The work that remains to be done in demarcating the bounds of “religion” is precisely that which Niezen may not have realized he was doing by writing “for some.” The bounds of “religion” usefully pushed out by (post)structuralism have in fact come to encompass nearly everything, and are beginning to take on the uncritical possibility which Levi-Strauss had seen in the study of myth.
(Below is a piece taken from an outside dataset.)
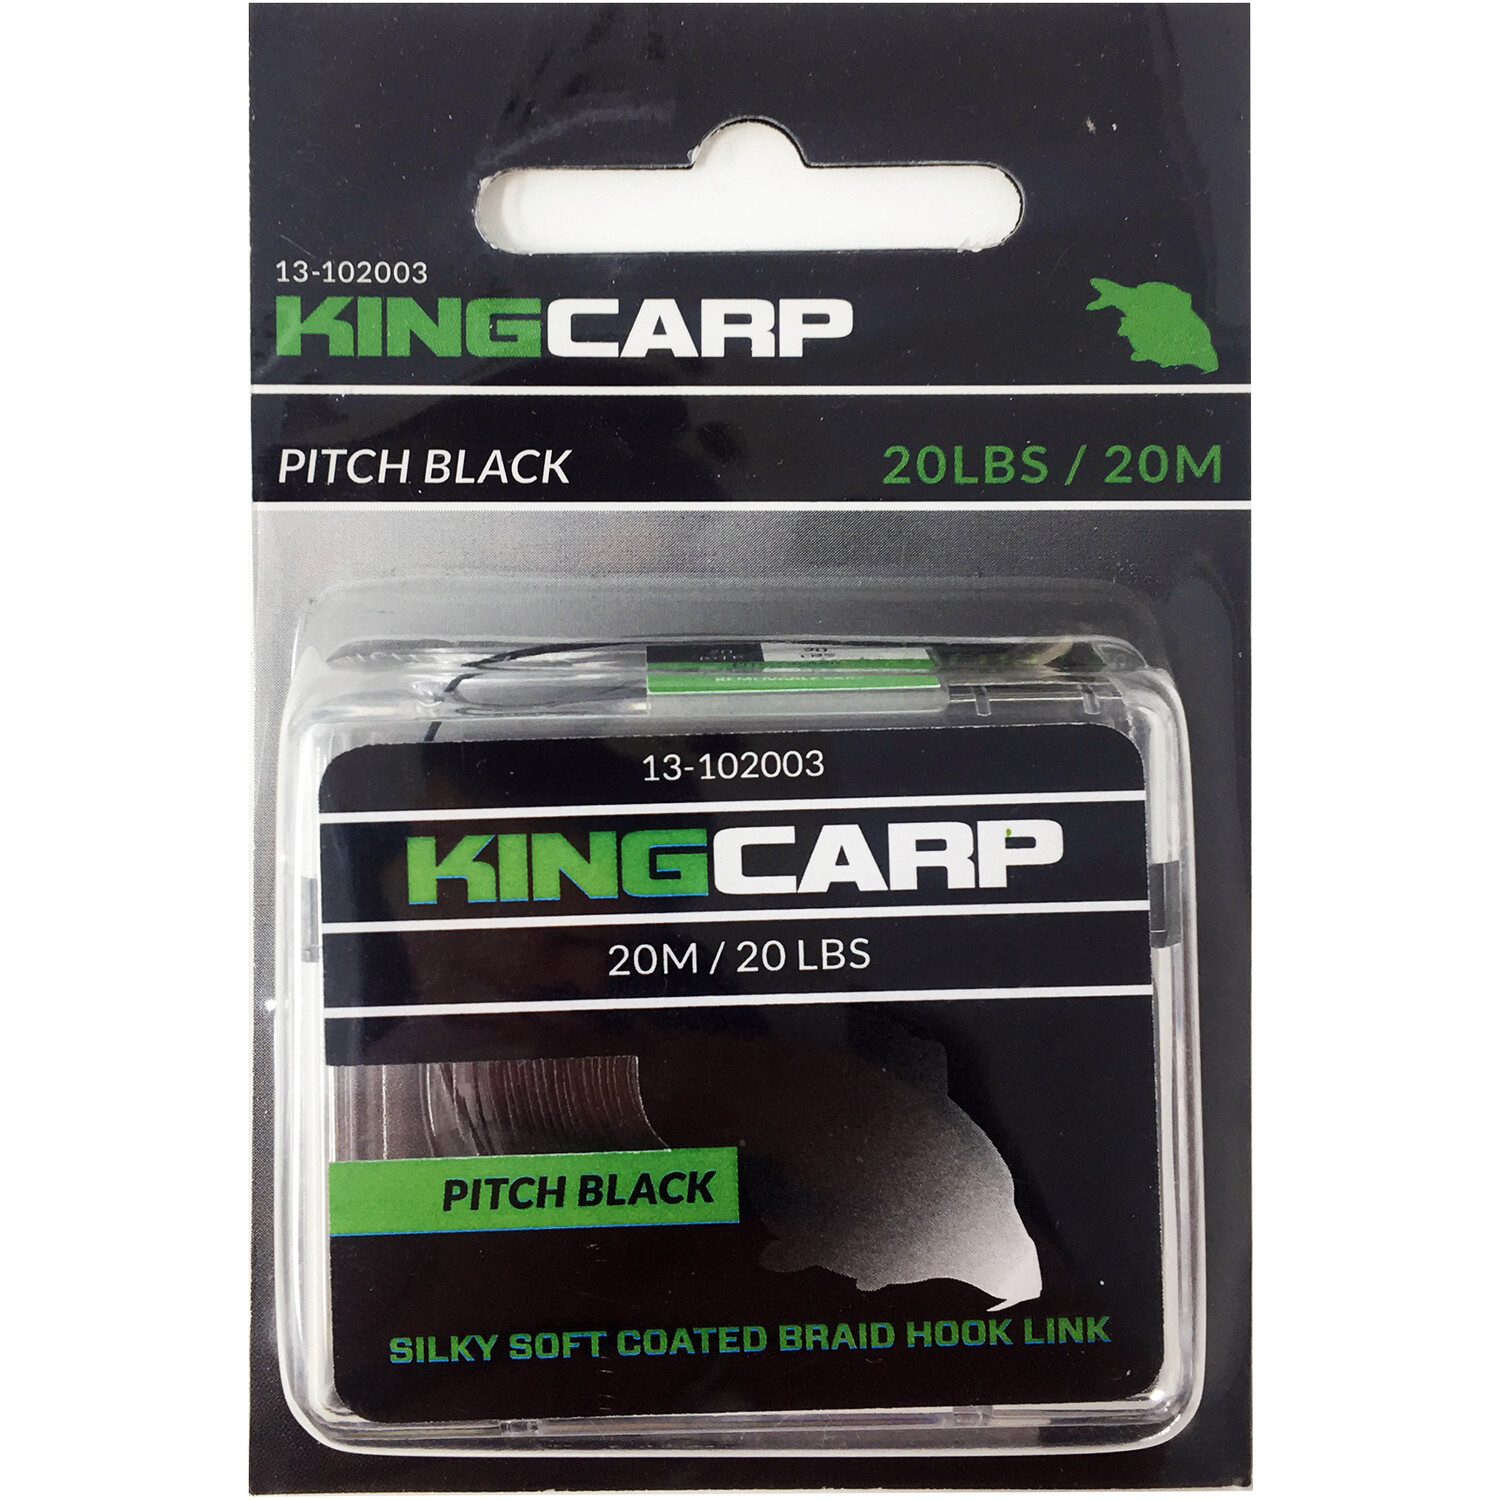 Pitch Black King Carp Coated Braid Hook Link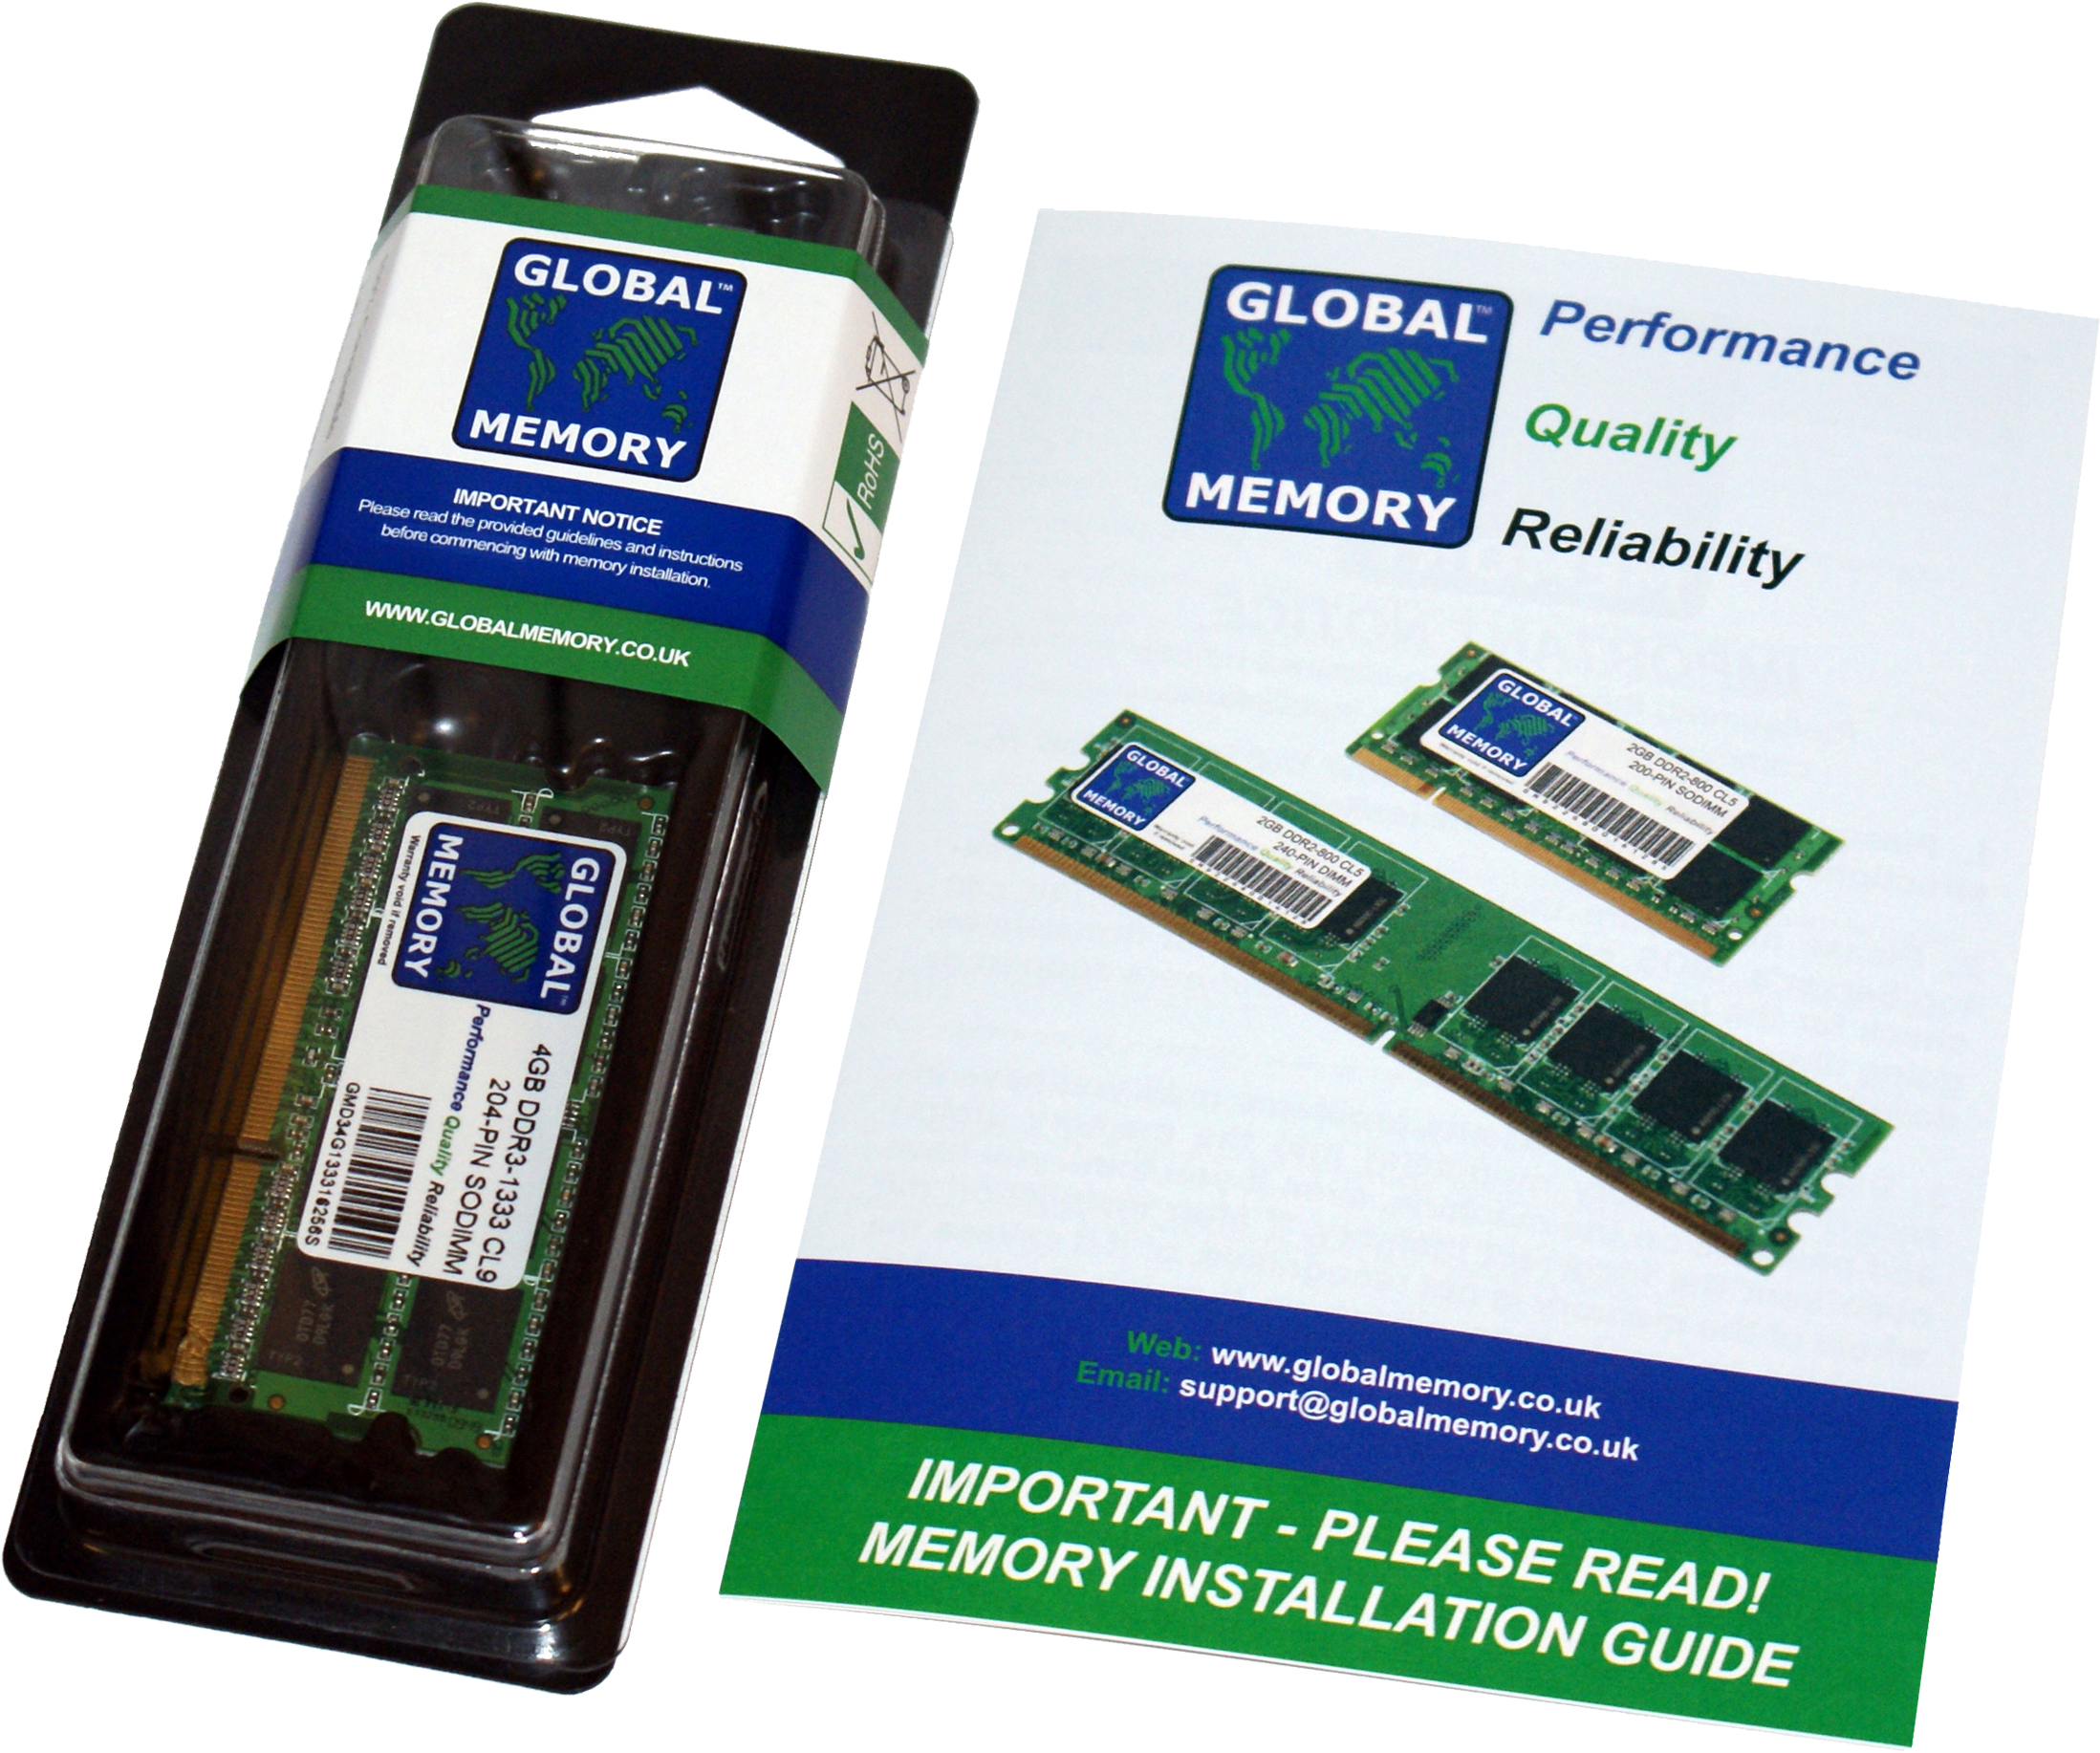 8GB DDR4 2400MHz PC4-19200 260-PIN SODIMM MEMORY RAM FOR HEWLETT-PACKARD LAPTOPS/NOTEBOOKS

The next task is to ask for whom various arrangements actually act on their constituent members as any given theorist has decided to characterize “religion.” If the term is to encompass groups like the Kabbalah Centre which describes itself as the opposite of a religion, should they behave (as, I argue, the Centre does) “religiously,” the possibility must be left open that some groups commonly so designated may need to be reclassified. This need not mean, of course, that anyone say “Methodism is not a religion.” My best prediction is that a structuralist drive focused on affective and network structures could eventually clarify religious arrangements down into more workable units by emphasizing specific affective and network structures: “Methodism includes sixteen religions.” It is a work worth doing, and one towards which it seems religious studies is turning.

-notes-
1. Claude Levi-Strauss, “The Structural Study of Myth,” The Journal of American Folklore, Vol. 68, No. 270 (Oct. - Dec., 1955), 428.
2. Levi-Strauss, 431.
3. Clifford Geertz, “Religion as a Cultural System” in The Interpretation of Cultures, 88.
4. Niezen, 65.
5. Niezen, 36.

2 comments:

b.i.t. said...

SOME PEOPLE READ

HAHA

Anonymous said...

Still not safe, still being read!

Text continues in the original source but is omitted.